Shahidul Islam Chowdhury | Published: 01:27, Dec 12,2019

 
 

Experts from home and abroad on Wednesday censured the intent of Myanmar, as a country, to deny at the International Court of Justice the allegations of genocide committed against ethnic and religious minority Rohingya group in Rakhine state.

The Myanmar side was ‘in effort to undercut allegation of genocide and genocidal intent,’ Parampreet Singh, associate director of Human Rights Watch said in a tweet on Wednesday.

Myanmar leader Aung San Suu Kyi and a pool of lawyers denied ‘genocidal intent’ at the ICJ as they defended military operation against the Rohingya community at the UN’s top court.

Professor Sheikh Hafizur Rahman Karzon, who teaches on genocide at the University of Dhaka, said that the Myanmar side raised question about the jurisdiction of the ICJ, which was not unexpected.

‘The same court had exercised its jurisdiction on the allegations of genocide and genocidal intent in the cases involving Rwanda and Bosnia Herzegovina,’ he reminded.

He mentioned that Suu Kyi tried to assure the ICJ of conducting trial of the perpetrators of genocide, if any, in local courts of Myanmar.

‘With the assurance she,  in a way, admitted the genocidal intent in an effort for granting them [the perpetrators] indemnity by local courts,’ Karzon added.

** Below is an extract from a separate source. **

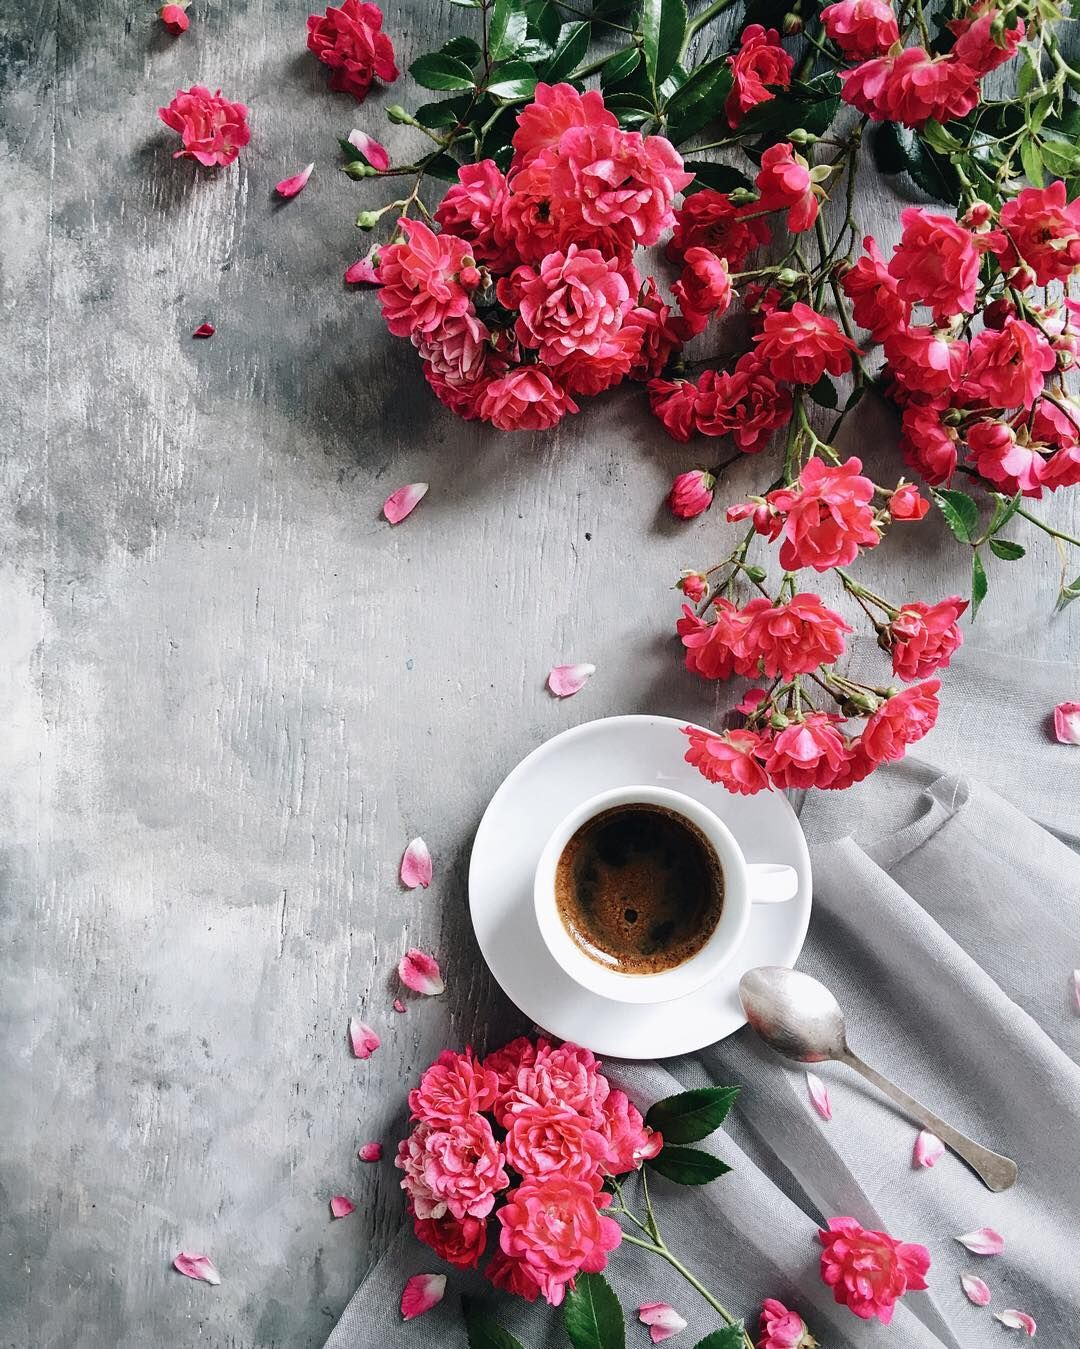 "8,597 Likes, 97 Comments - France • Côte d'Azur • Nice (@evgeniya.prinsloo) on Instagram: ""Morning coffee & rosesHave a day filled with wonders❤️Утренний кофе и розы,пусть день будет…"""

International lawyer Priya Pillai raised question about the motive of the Myanmar side which pointed out the absence of evidence of systematic killing in the case involving Rohingyas.

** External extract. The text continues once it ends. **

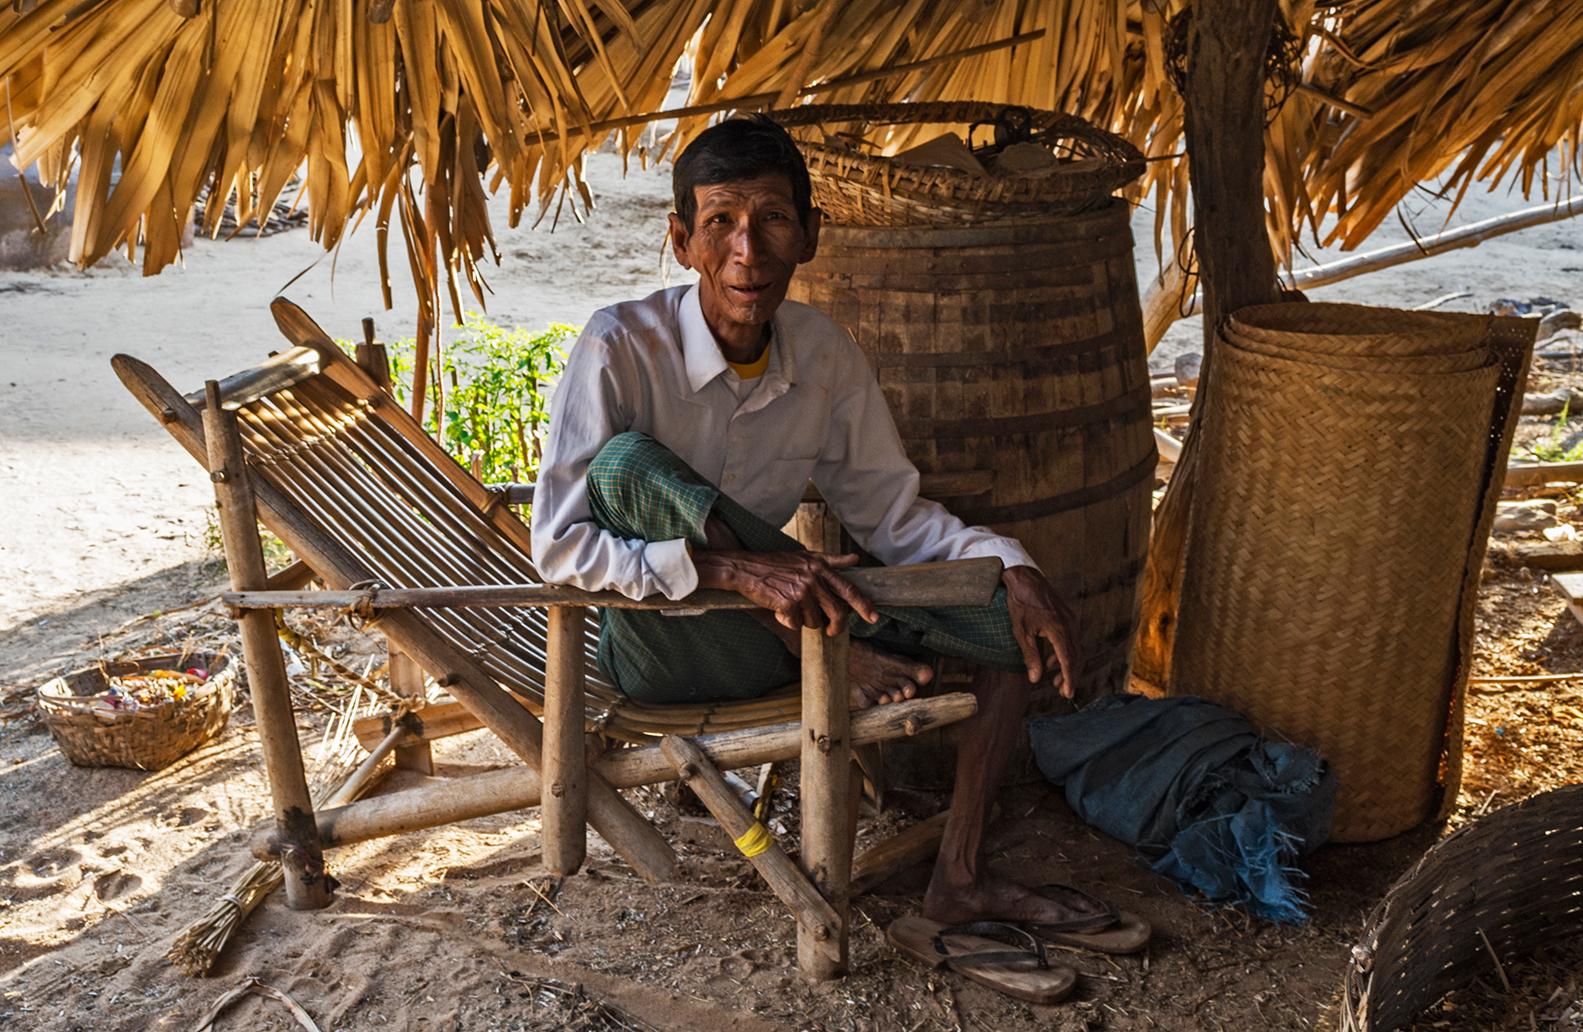 Mandalay-village-life-06_s.jpg

‘So basically, everyone should have been killed?’ she asked in her tweet.

Matthew Smith, co-founder of international rights group Fortify Rights, said that the Myanmar side argued against the allegation of Rohingya genocide by saying that the ‘total number of victims’ was not provided by the plaintiff, Gambia in this case.

‘Myanmar systematically prevented accurate casualty recording and denied monitors access,’ he said.

Contesting a claim by Myanmar lawyers insisting that the use of airpower was avoided in Rakhine except for ‘one’ instance in which forces used a helicopter, Smith said that Fortify Rights documented multiple attacks from the air against the Rohingya civilians.

Mentioning an argument advanced by a Myanmar lawyer that the ‘food deprivation’ might have been ‘designed’ to drive out Rohingyas rather than destroy them, Smith said, ‘That’s darn close to an admission of crimes.’

Brad Adams of Human Rights Watch said that the defence team, including Suu Kyi, did not name ‘Rohingya’ as victims.

‘Denying a group its identity is evidence of a specific intent. This is nothing new. In 2016, she told the US not to use the word [Rohingya],’ he added.

The case, the first international legal attempt to bring Myanmar to justice over reported killings of thousands of Rohingyas, began after the Muslim-majority Gambia on November 11 filed an application at the ICJ, accusing Myanmar of violating the Convention on the Prevention and Punishment of the Crime of Genocide 1948.

More than 7 lakh Rohingyas, mostly women, children and aged people, entered Bangladesh after fleeing unbridled murder, arson and rape during ‘security operations’ by the Myanmar military in Rakhine, what the United Nations denounced as ethnic cleansing and genocide, beginning from August 25, 2017.

The UNHCR and the governments of Myanmar and Bangladesh failed in their two attempts to repatriate the first batch of Rohingya people under bilateral mechanisms as none of them agreed to go back referring to the absence of environment in Rakhine for return.

The on-going Rohingya influx took the number of undocumented Myanmar nationals and registered refugees in Bangladesh to about 1.2 million, according to estimates by UN agencies and Bangladesh authorities.